Copy, from the entries below, each line in which the string "Glass" appears.

● **Material provided**
· · ·

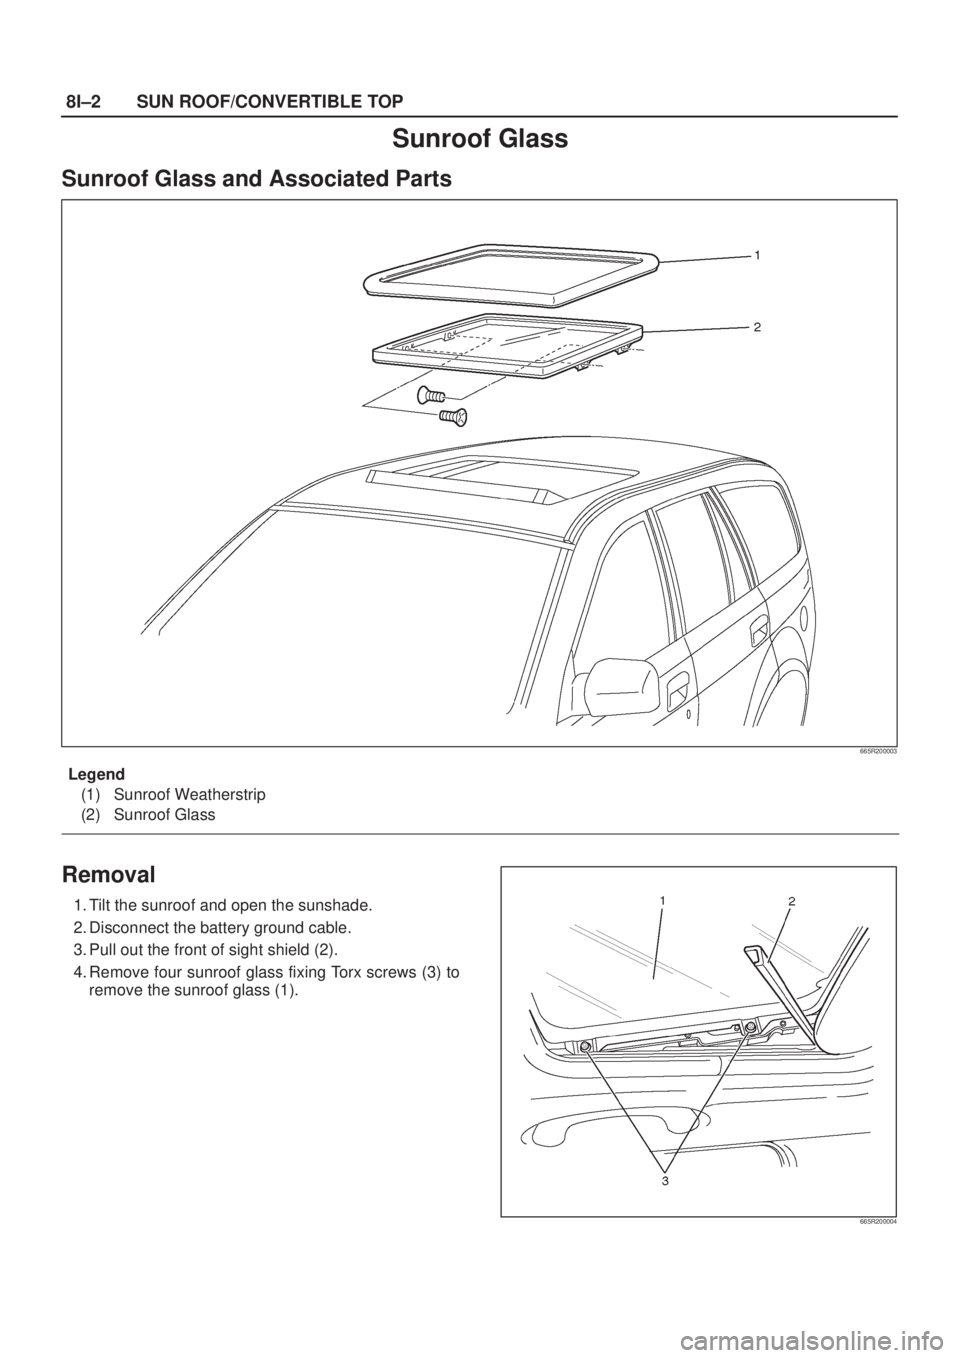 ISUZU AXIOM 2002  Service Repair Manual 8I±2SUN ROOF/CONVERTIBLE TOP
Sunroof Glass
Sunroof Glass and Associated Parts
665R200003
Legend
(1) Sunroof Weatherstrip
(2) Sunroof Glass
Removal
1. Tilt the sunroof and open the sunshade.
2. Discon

· · ·

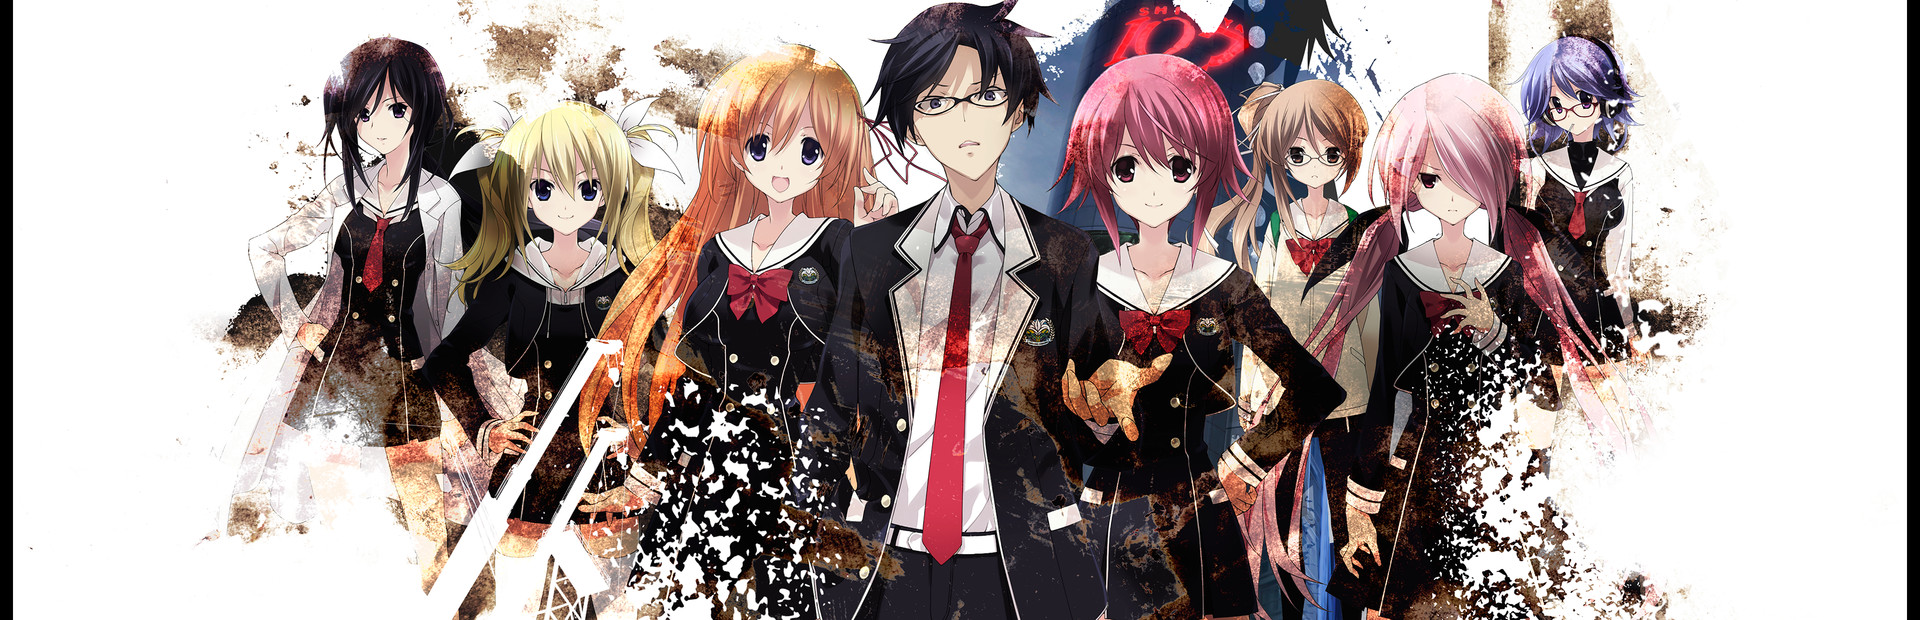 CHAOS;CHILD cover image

· · ·

● **Exercise output**
Sunroof Glass
Sunroof Glass and Associated Parts
(2) Sunroof Glass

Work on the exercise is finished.